The Committee also believes that executive compensation should be
subject to objective scrutiny. Consequently, the Committee retains the services
of an independent consultant, who on a regular basis evaluates the compensation
programs and practices for the Company's executive officers against an industry
peer group.
COMPONENTS OF COMPENSATION
The Committee relates total compensation levels for the Company's
senior executives to the compensation paid to executives of a peer group of
companies. This peer group consists of companies that are in the same industry
and are considered by the Committee to be competitors for investment dollars in
the energy sector of the market. The Committee reviews and approves the
selection of the peer companies used for compensation comparison purposes.
Currently, the peer group is made up of thirteen companies: Anadarko Petroleum
Corporation, Apache Corporation, Burlington Resources, Inc., Devon Energy
Corporation, EOG Resources, Inc., Kerr-McGee Corporation, Noble Affiliates,
Inc., Occidental Petroleum Corporation, Ocean Energy, Inc., Pioneer Natural
Resources, Tesoro Petroleum Corporation, Union Pacific Resources, Inc. and
Unocal Corporation (the "Peer Group").
The companies chosen for the Peer Group generally are not the same
companies which comprise the Dow Jones Secondary Oils Index, shown in the
Performance Graph included in this proxy statement.
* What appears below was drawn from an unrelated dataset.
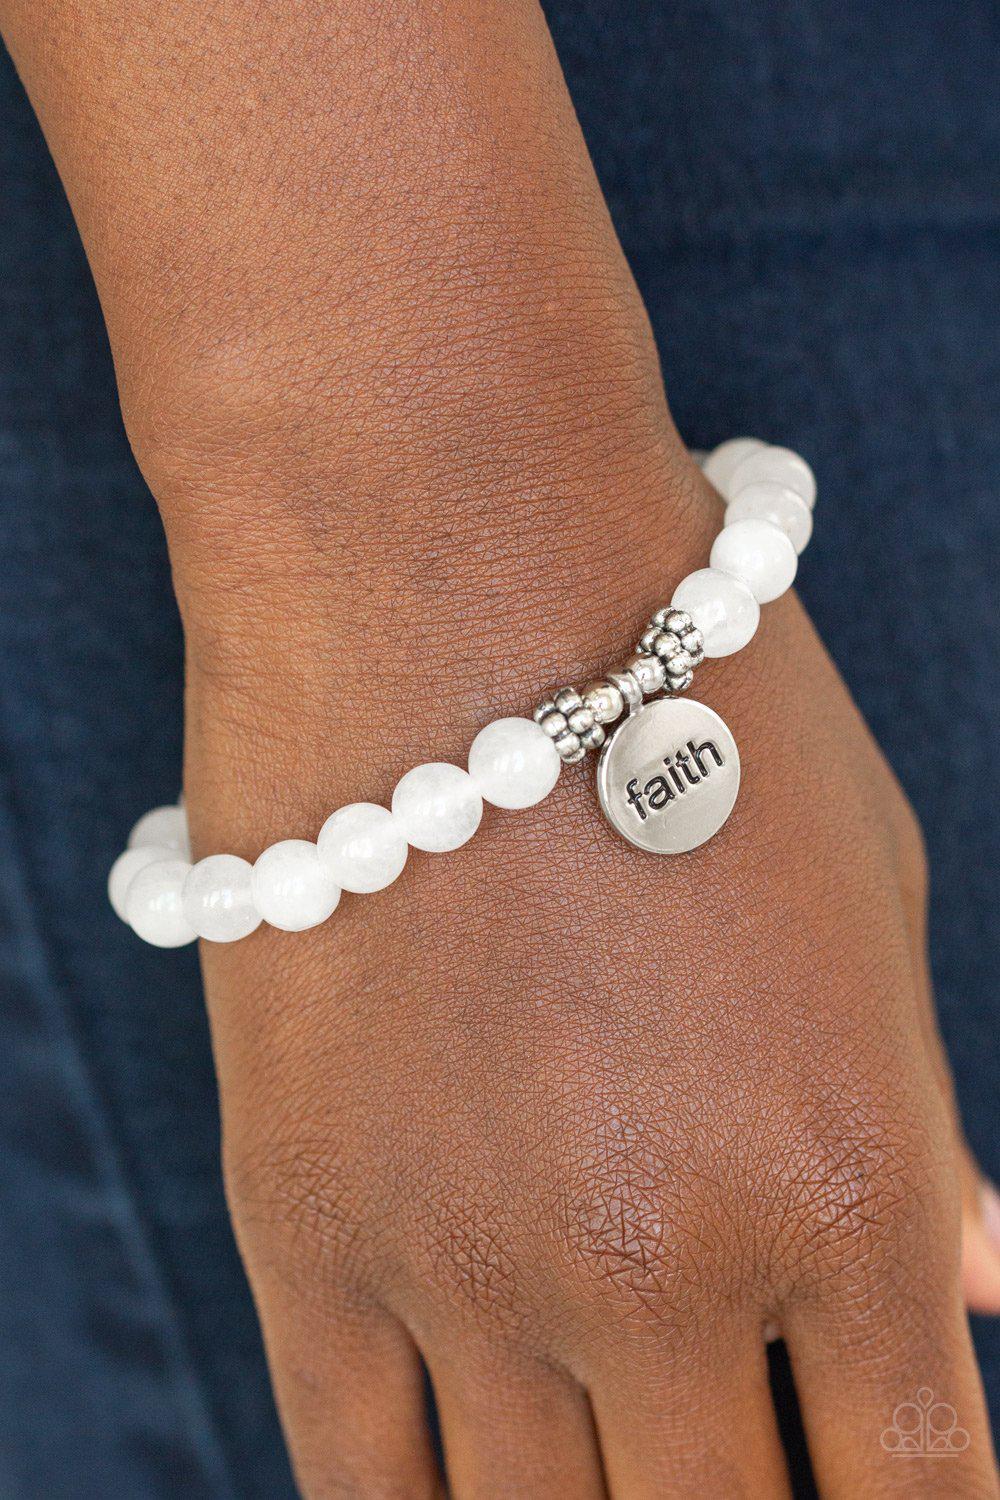 FAITH It, Till You Make It White Stone Stretch Bracelet - Paparazzi Accessories-CarasShop.com - $5 Jewelry by Cara Jewels

The Committee believes that
the Company's competitors for executive talents are not necessarily all of the
companies included in the Dow Jones Secondary Oils Index used for comparing
stockholder returns.
The components of the Company's executive compensation program are base
salary, annual incentive bonus and long-term incentives. These components are
described below. In determining each component of compensation, the Committee
and the Subcommittee consider competitive data from the Peer Group and the
overall value of the total compensation package. The Committee and the
Subcommittee believe that the total compensation package should be competitive
and targeted at the median level of compensation for the Peer Group and that
superior performance should produce a corresponding increase in value for annual
and long-term incentives.
BASE SALARIES
The Committee reviews each executive's base salary annually. Base
salaries are targeted at market levels and are adjusted by the Committee to
recognize varying levels of responsibility, prior experience, breadth of
knowledge, internal equity issues and external pay practices. Base salaries in
1999 for the executive officers named in the Summary Compensation Table as a
group were below the 50th percentile of the predicted competitive market base
salary for similar positions in the Peer Group. Because of the challenging
business environment facing the Company due to depressed natural gas prices in
the first half of 1999, no increases to base salaries were made. Mr.
Seegmiller's 1998 base salary of $375,000 was not increased during 1999, and is
below the 50th percentile of the competitive market for his position. As no base
salary increases were made in the Company during 1999, Mr. Seegmiller requested
and the Committee concurred that it was appropriate to also freeze Mr.
Seegmiller's base salary.
ANNUAL INCENTIVE BONUS
The Annual Target Cash Incentive Plan promotes the Company's
pay-for-performance philosophy by providing executives with direct financial
incentives in the form of annual bonuses to achieve corporate business goals and
individual performance goals. Annual bonus opportunities allow the Company to
communicate specific goals that are of primary importance during the coming year
and motivate executives to achieve these goals. The current measurement criteria
used in the Annual Target Cash Incentive Plan are designed to recognize that
certain factors which impact performance are controllable, while others are not
controllable, and to reward executives for superior performance against those
factors which are deemed controllable.
Beginning in 1999, the bonus pool that can be generated under the
Annual Target Cash Incentive Plan is subject to a three-part threshold. For each
of the three threshold tests that is met, one-third of the bonus potential
becomes available. The three threshold tests are: (i) annual cash flow for the
Company must equal or exceed two times debt service, with debt service including
interest and dividend payments, but excluding originally scheduled principal
payments unless the Company's total borrowing capacity is diminished at the time
of the principal repayment; (ii) the Company must achieve 75% or greater
performance against its target for annual discretionary cash flow; and (iii) the
Company must
-13-
<PAGE> 17
achieve an 85% or greater replacement ratio for annual reserves. These
thresholds are approved annually by the Compensation Committee in conjunction
with its approval of each bonus plan participant's incentive target percentage.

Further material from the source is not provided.